Paul and “The Works of the Law” -- By: Daniel P. Fuller

Journal: Westminster Theological Journal
Volume: WTJ 38:1 (Fall 1975)
Article: Paul and “The Works of the Law”
Author: Daniel P. Fuller


Paul and “The Works of the Law”

Daniel P. Fuller

[From a paper read at the Institute for Biblical Research (Tyndale Fellowship), meeting at Westmont College, Santa Barbara, California, April 6, 1974.]

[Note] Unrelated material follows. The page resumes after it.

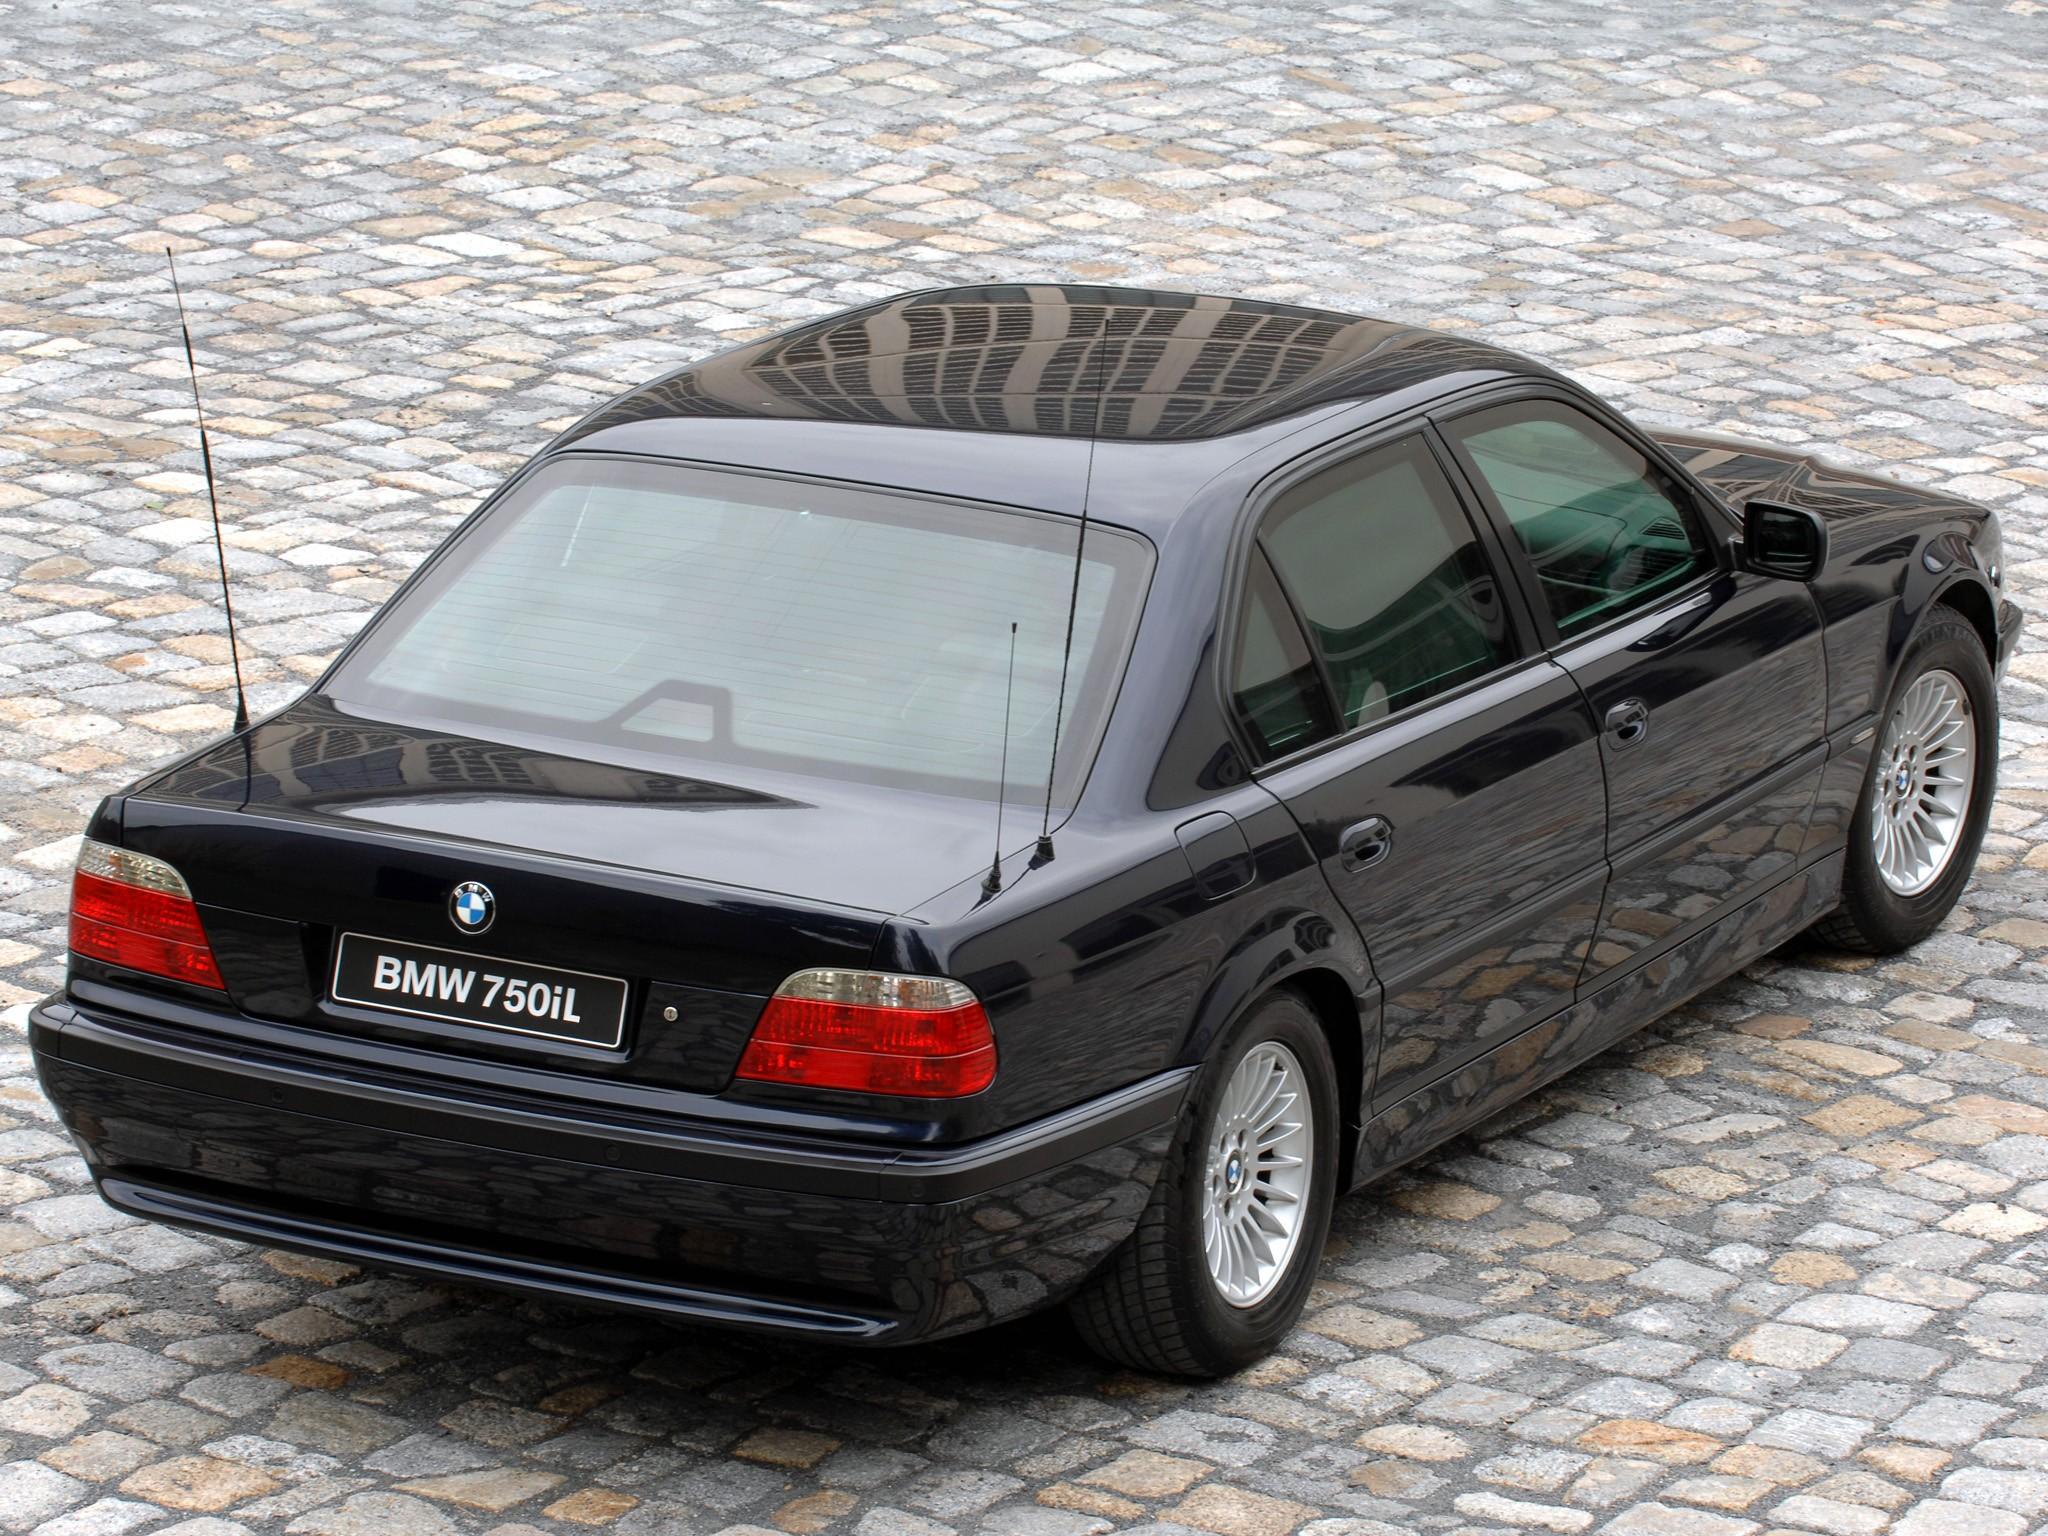 bmw 7 series e38 1998 1999 2000 2001 autoevolution. Black Bedroom Furniture Sets. Home Design Ideas

One example of how the methods of biblical theology have helped the Bible to speak more for itself is the now generally accepted conclusion that Paul used the word “law” in two very different senses. C. F. D. Moule has said:

The many shades of meaning attached to nomos have to be deduced from the ways in which the word is used; and it is clear that nomos is used by Paul in (among others) the two quite distinct connections which may be called respectively “revelatory” and “legalistic.” [Then he cites Rom 7:12 as an example of a “revelatory” usage, and Rom 3:28, with its phrase “the works of the law,” as a “legalistic” usage of nomos.]…This contrast between the two contexts in which nomos is used is perfectly familiar to all the students of Paul.1

C. E. B. Cranfield makes the same point:

It will be well to bear in mind the fact (which, so far as I know, has not received attention) that the Greek language used by Paul had no word-group to denote “legalism,” “legalist,” and “legalistic….In view of this, we should, I think, be ready to reckon with the possibility that sometimes, when he appears to be disparaging the law, what he really has in mind may not be the law itself, but the misunderstanding and misuse for which we have a convenient term.2

If Cranfield and Moule are right and Paul did use nomos (“law”) in these two different senses, then some changes in parts of reformed theology may be required. In the conclusion of his article just cited, Cranfield said:

If the foregoing exposition of Paul’s teaching on the law is substantially correct, it is clear that his authority cannot justly be claimed for…the view that the law was an unsuccessful first attempt on God’s part at dealing with man’s unhappy state, which had to be followed later by a second…attempt…; nor yet for the view (characteristic of Lutheranism) that in the law and gospel two “different modes of God’s action are manifested” [he is quoting from W. Niesel, Reformed Symbolics, 1962, p. 212], the ultimate unity of which, while it may indeed be supposed to exist in G...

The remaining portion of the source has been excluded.